Is it always necessary to implement a hash table with dynamic memory allocation?

Question

I have searched the web on this and asked my TAs and I haven’t received a very solid answer. I am testing different data structures on performance for inserting and searching for data. One of the data structures I am testing is a hash table.

I understand that dynamically allocating memory is beneficial If you don’t know the end size of the array and want to implement array double for any number of reasons. But say we know the amount of data. In this case 40,000 integer values. Do I need to dynamically allocate an array on the heap or can I get the same functionality and use from instantiating statically with the stack? I would do everything the same, create my header file, my implementation file, and main() but not dynamically allocate memory.

Answer 1

It really depends on what you mean by "dynamic allocation".

A typical hash table contains an array of buckets (or array of pointers to buckets). Each bucket holds the collection of things that hashed to the same hash. So given a collection of 40000 int you want to put in the hash table you'll need some form of dynamic alloation for each bucket collection itself since you'll have no idea how many items will end up in each bucket.

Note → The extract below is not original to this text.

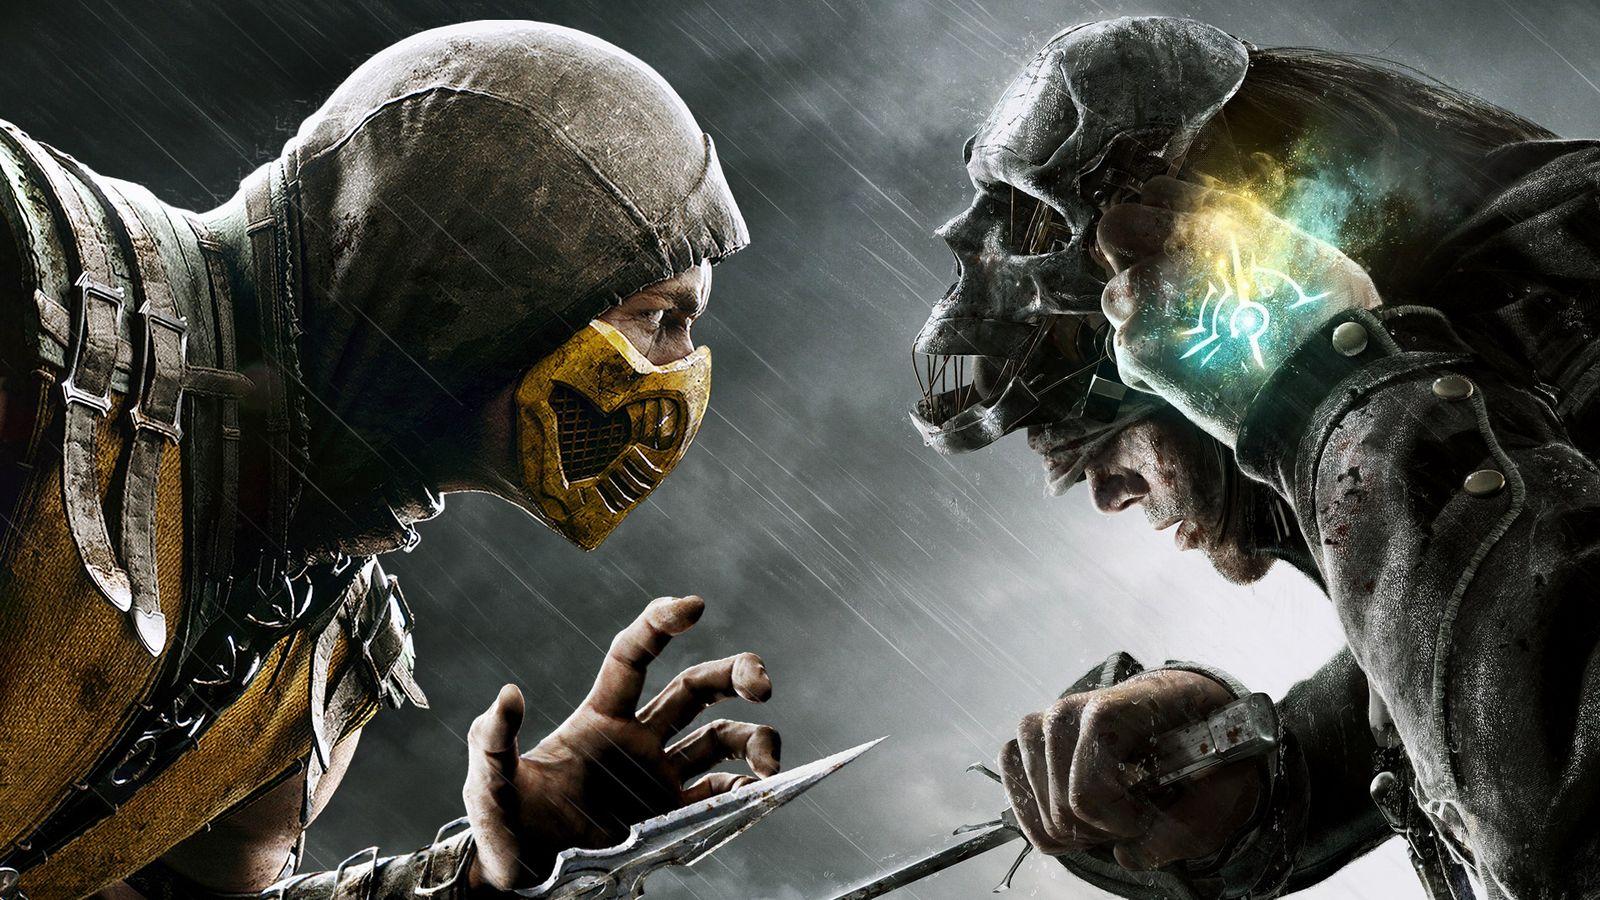 54 Scorpion Mortal Kombat Hd Wallpapers: Mortal Kombat Scorpion Wallpaper

If by dynamic alloction you mean "calls to malloc" then you could manage the memory for the hash table itself, the bucket collection, each individual bucket yourself using "placement new" or some other form of your own memory management. You'd calculate the amount of memory needed for your implementation of a hash table, plus the collection of buckets, plus the worst case for memory for the maximum number of used buckets which is 40000 since worst case is one entry per bucket unless your hash function's range in less than 40000

As an example a hash table could be something like

template <typename T> class Bucket {
  int size;
  T* items;
};

template <typename T> class HashTable {
  int size;  // optional if you know your hash function's range
  Bucket<T>* buckets;
};

So you need

max_buckets = min(hash_table_range, num_items);
bytesNeeded = sizeof(HashTable<T>)
            + num_hash_values * sizeof(Bucket<T>*)
            + max_buckets * sizeof(Bucket<T>)
            + sizeof(T) * num_items;

You'd still have to manage alloation of buckets (so there is "dyanmic allocation" in a sense) and you'd need to be able to shuffle the buckets around as they grow since there'd be no room to grow them in place which seems to me would add a ton of overhead. It's just that you're managing that allocation yourself so whether that's "dynamic allocation" is up to you.

Answer 2

If you know the maximum (or fixed) size that your hash table will be, you can very much statically allocate it.

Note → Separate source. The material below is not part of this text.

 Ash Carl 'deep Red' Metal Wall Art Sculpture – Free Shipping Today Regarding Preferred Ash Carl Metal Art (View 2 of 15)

The main reason for dynamic allocation is to vary the size at runtime and to be able to pass ownership of the structure from function to function. For example (and this is not tied to hash tables at all so I'll just use a generic structure):

Item *GetItem() {
    return new Item();
}

That dynamically allocates the item and passes it back to the caller (along with the ownership (responsibility for managing its lifetime)). A naive way of avoiding dynamic allocation would be:

Item *GetItem() {
    Item item;
    return &item;
}

Unfortunately, that address is unusable on return since item has gone out of scope at that point, so you could stop that from happening with:

Item *GetItem() {
    static Item item;
    return &item;
}

That preserves the object even after return from the function but has the restriction that only one copy of it ever exists. If you try to get two items from that function, they'll be the same one, and you may have bugs unless you realise that.

So, I would say that, provided you only need one hash table, you can avoid dynamic memory allocation simply by having a static copy of it.

Of course, aside from the single copy restriction, that also has the downside of requiring you to allocate the maximum space needed. That's not necessarily a bad idea (especially if it's fixed size) but it may cause inefficiencies.

---

In any case, you may be worrying about performance unnecessarily. You can just as easily dynamically allocate the structure in its maximum/fixed size up front (rather than doing lots of small allocations and de-allocations). Since that only really happens once per hash table (with hopefully a lot of use of the hash table before deallocating), the cost will be be relatively minor.

And it gives you back the ability to have more than one hash table in the program.

Answer 3

Good question. You can implement malloc on a system without dynamic memory allocation by simply putting a big empty table inside of malloc.c, and handling out portions of it until you ran out. Free would insert lumps back into this, so you might never run out.

A related way of allocating memory is via a frame allocator (sometimes a pool allocator); so named because it hands out access to N M-sized objects, rather than a true dynamic allocator where every object is a different size. Frame allocators are awesome because they are fast and simple -- a rare combination.

So, certainly you can work on your system without dynamically allocating, but you might need to ask yourself why? You could write it in terms of an unspecified allocator, which you could implement with a very simple frame allocator, then expand it as needed.